Eventually, a group of misfits agrees to accompany him, and the movie becomes almost like a sci-fi anthology as it flashes back to fill in stories of characters played by Haley Lu Richardson (as a woman with a physiological reaction to tech who therefore doesn’t keep any devices handy); Michael Peña and Zazie Beetz (as a teacher couple directly confronted with the hold devices have over school-aged kids); and Juno Temple (a woman who has recently lost her son). In the most impressively daring segment, Verbinski and screenwriter Matthew Robinson mine pitch-black laughs from the epidemic of school shootings, which are being combatted with a tech-enabled form of what feels like utter surrender. What could read as deadpan disaffection, especially given the script’s forays into cutesy dialogue for the always-game Rockwell, is breathtakingly bleak with a sense of real humanity underneath the desperate tech solutions.

GOOD LUCK HAVE FUN DONT DIE MOVIE STREAMING
Photo: Everett Collection

This might all sound more like a broad indictment of a screen-time-hypnotized culture, and to an extent, Good Luck, Have Fun, Don’t Die is that. But what it does particularly well, and what many of its fellow A.I.-related movies seem reluctant to do, is formally connect A.I. to the passivity of device dependence, rather than loftily compare it to a genuine, human-like consciousness that deserves our potential respect. Of course, plenty of people fully accept A.I. as part of their devices, and use ChatGPT interchangeably with a search engine; that’s a whole problem unto itself. But unlike Mercy or its ilk, Verbinski’s film never errs on the side of moderation and trying to find some bizarre common ground between annihilation and survival. The closest it comes to acceptance of A.I. is admitting that it’s hard to tell whether this destructive force can actually, practically be stopped.
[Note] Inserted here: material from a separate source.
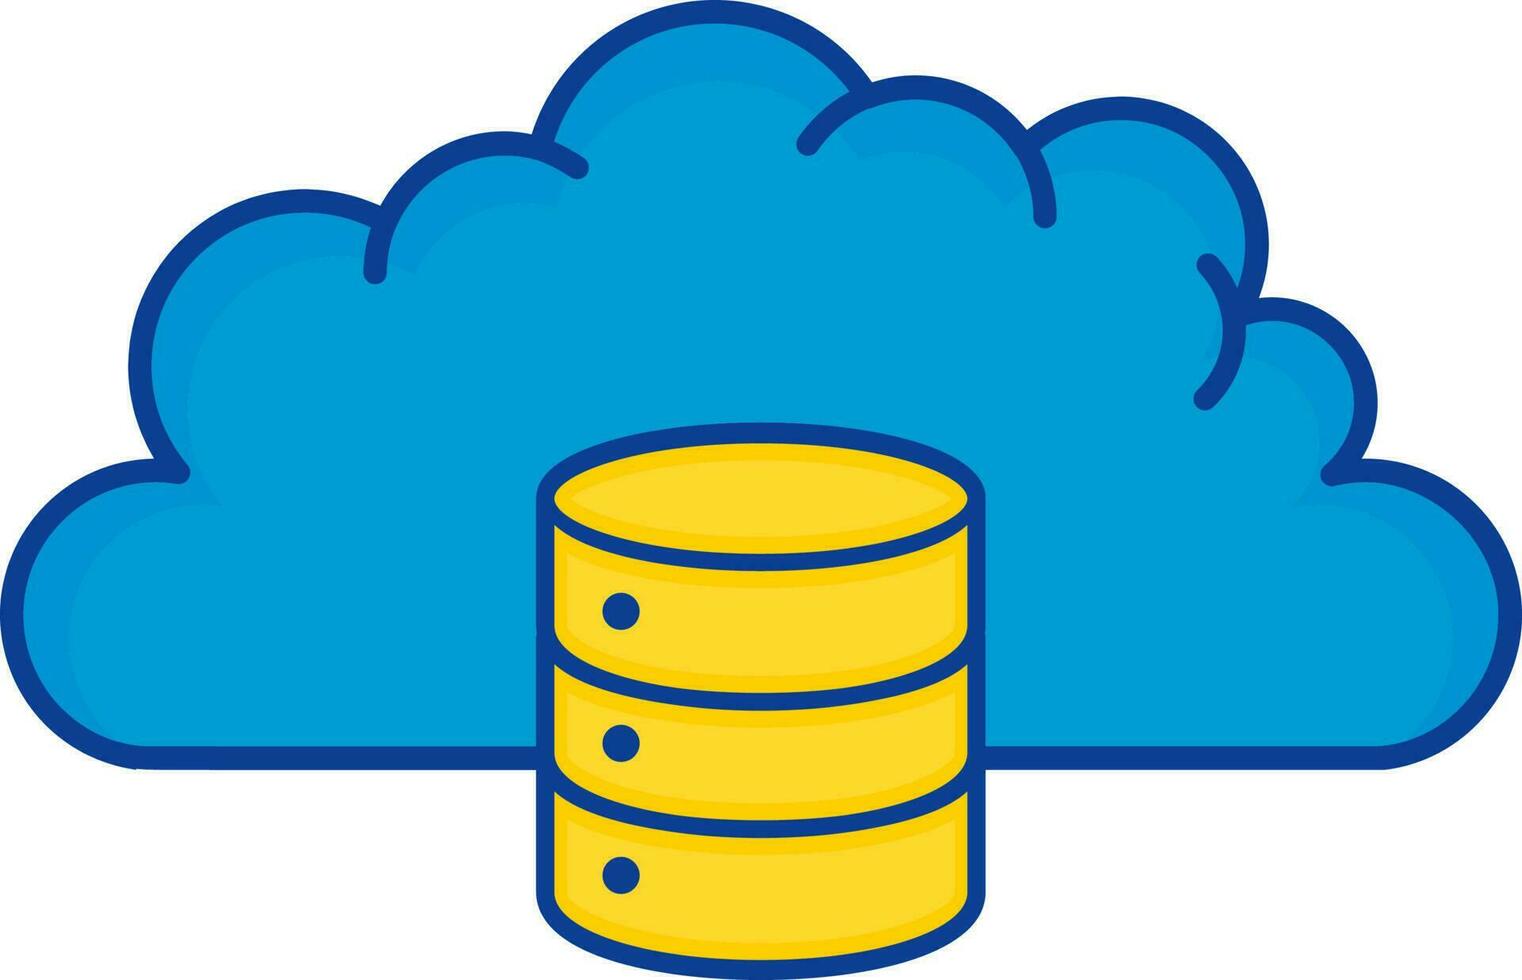 azul e amarelo ilustração do nuvem com base de dados plano ícone. vetor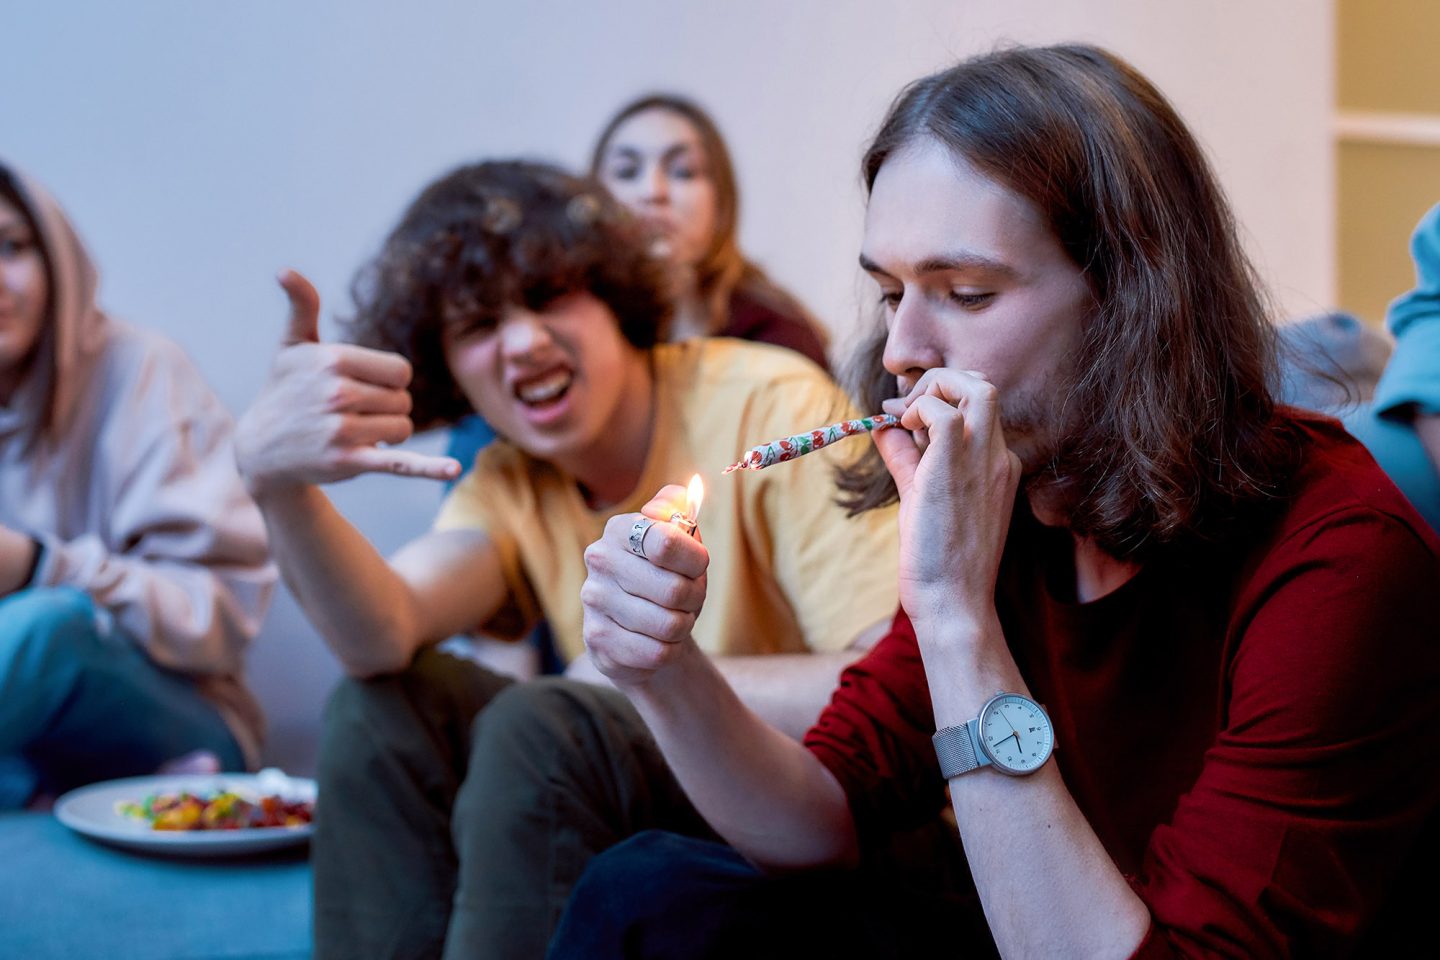 تدخين الحشيش في سن المراهقة قد يؤدي إلى زيادة خطر الإصابة بالاكتئاب

It all makes particular sense coming from Verbinski, because his work, almost all within the machinery of big Hollywood studios, often feels alive with the possibilities of what those resources can produce. His Pirates of the Caribbean movies may be swimming in CG, but their visual-effects spectacle is ornate and fully formed. His CG talking-animal feature Rango is weird and evokes Chinatown and Fear And Loathing In Las Vegas. Even a seemingly misguided project like The Lone Ranger features one of the most exhilaratingly inventive action sequences of this century so far. He must be coming by his tech skepticism honestly, because his movies are full of technical wonders.

Good Luck, Have Fun, Don’t Die doesn’t go quite that far in its spectacle – despite all the stars and the sci-fi trappings, it’s an indie production, and its effects work has a madcap Scotch-tape charm. (Again: Very Gilliam.) It also has a Verbinski’s trademark bloat, as the movie meanders in its final section, especially once the attention-demanding change-ups of the character flashbacks are complete. It turns out that the big push against the coalescing forces of A.I. isn’t just unlikely; it’s kind of slapdash, too. Yet the spirt of the movie lingers, even as the particulars of some of its zig-zaggy storytelling fade. There was a time when almost any internet-critical movie was considered reactionary or alarmist, no matter how valid its points were. For A.I., most movies don’t go nearly hard enough, which makes Good Luck, Have Fun, Don’t Die a market leader just for telling us to get off our stupid phones.